From the foundation of the state's various colleges until 1970, all colleges, indeed all forms of education, from pre-school through the graduate programs at Marshall University were under a single state Board of Education, with the exception of West Virginia University and what is now known as West Virginia State University which were under separate Boards of Governors as land grant schools. Following the decision in Brown v. Board of Education State was desegregated, gave up its land grant status and was placed under the Board of Education as well.

In 1970, education governance was reformed and all colleges, including WVU, were placed under a single Board of Regents, with the state Board of Education focusing on primary and secondary education. This lasted until 1990, when the graduate level colleges were separated as The University System of West Virginia, and the remaining Board of Regents was renamed the "State and Community College System of West Virginia".

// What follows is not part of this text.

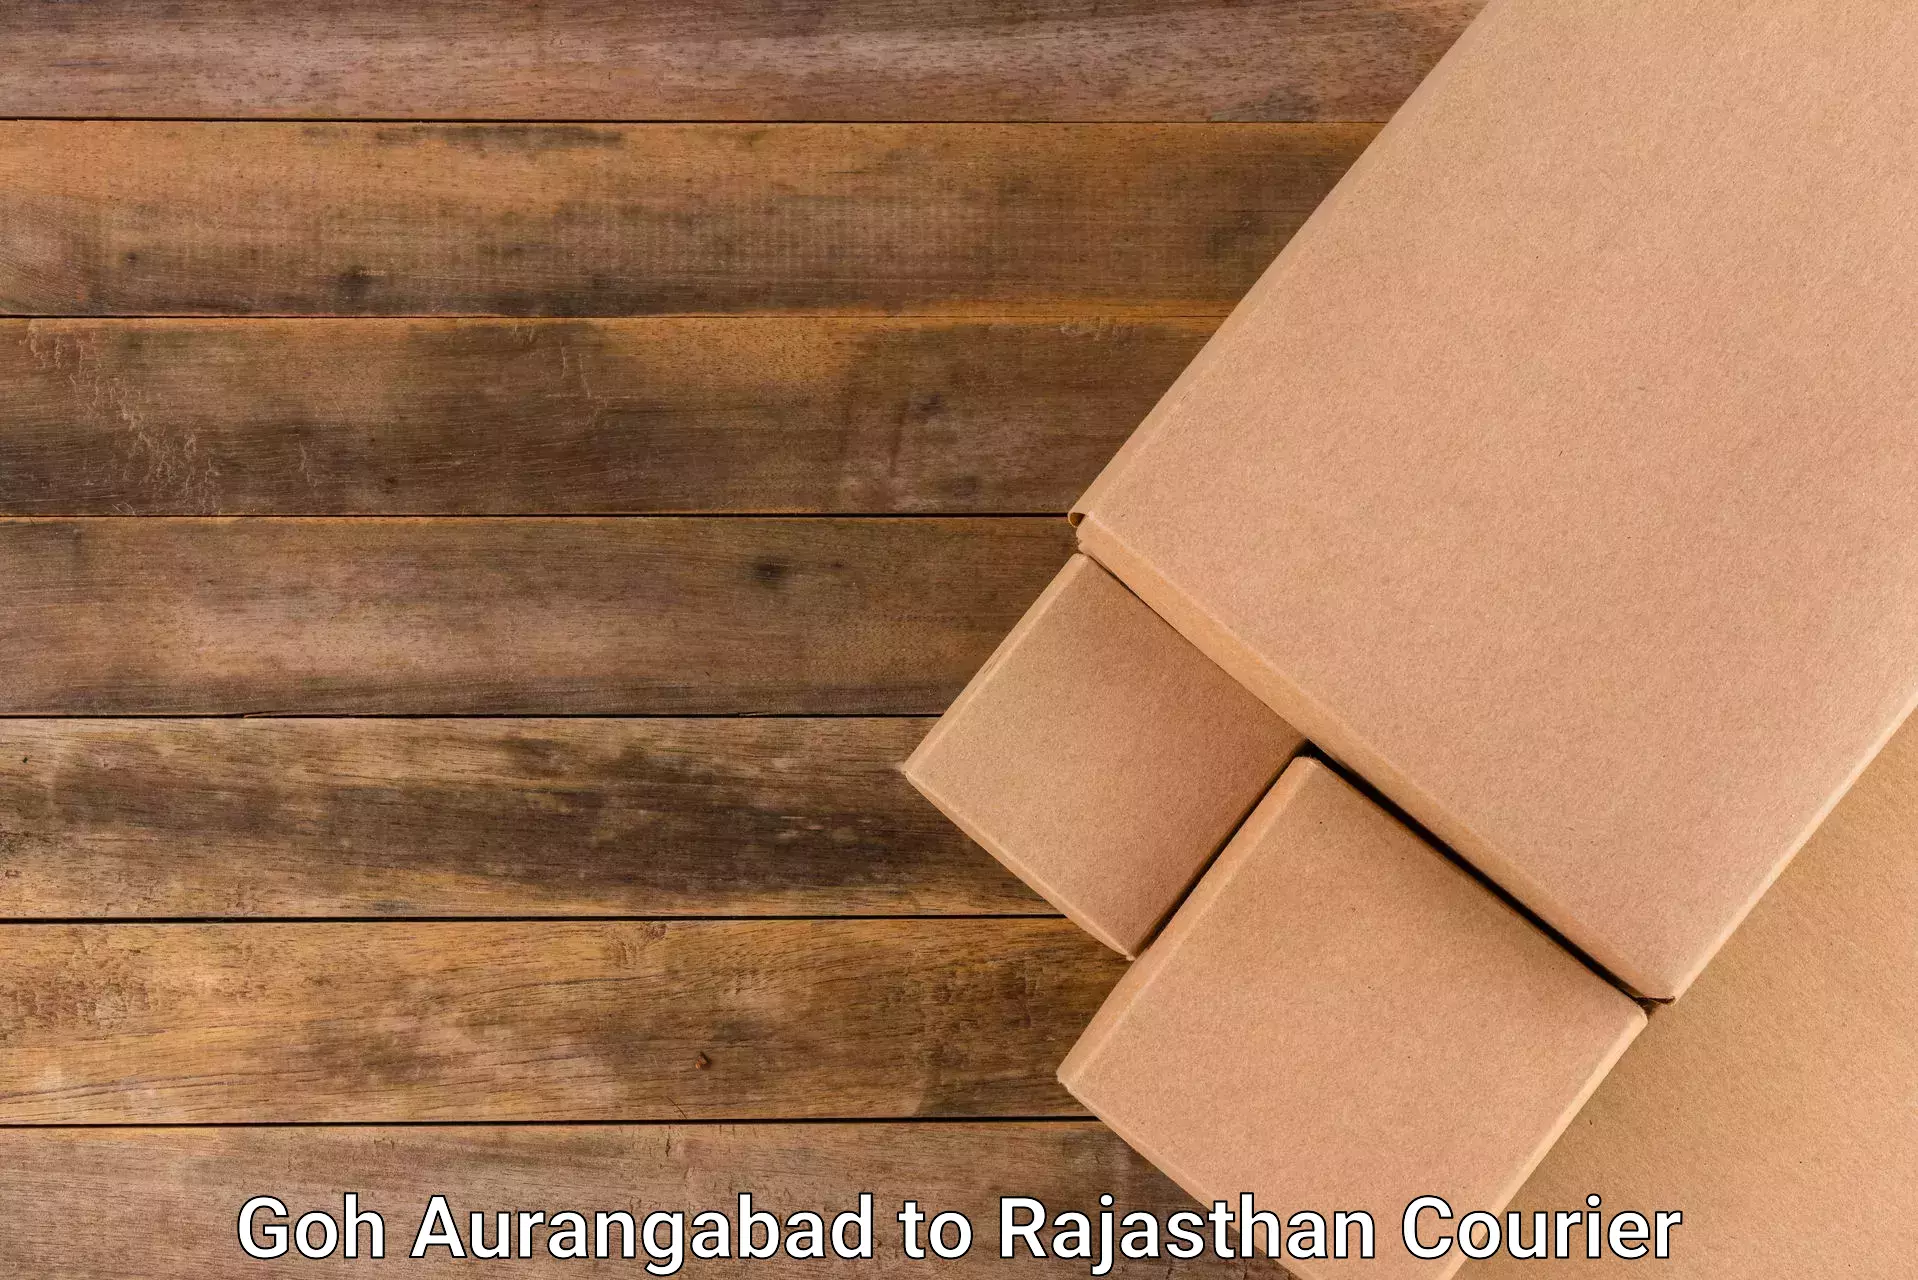 Tech-enabled shipping Goh Aurangabad to Shrimadhopur

In 2000, the state abandoned the University System of West Virginia. The West Virginia Higher Education Policy Commission was established as its successor in overseeing higher education. Each institution received its own separate board of governors.

Since April 2019, both the Higher Education Policy Commission and the Community and Technical System have been led by Sarah Tucker who serves as the permanent Chancellor for the community colleges and the interim Chancellor for the four-year institutions.

== Regents Bachelor of Arts ==

The Regents Bachelor of Arts (RBA) degree is offered at all four-year public colleges and universities of the West Virginia Higher Education Policy Commission. It is a non-traditional degree designed for adult learners where students can enter the program four years after high school and earn credits in the classroom, and through life and work experiences.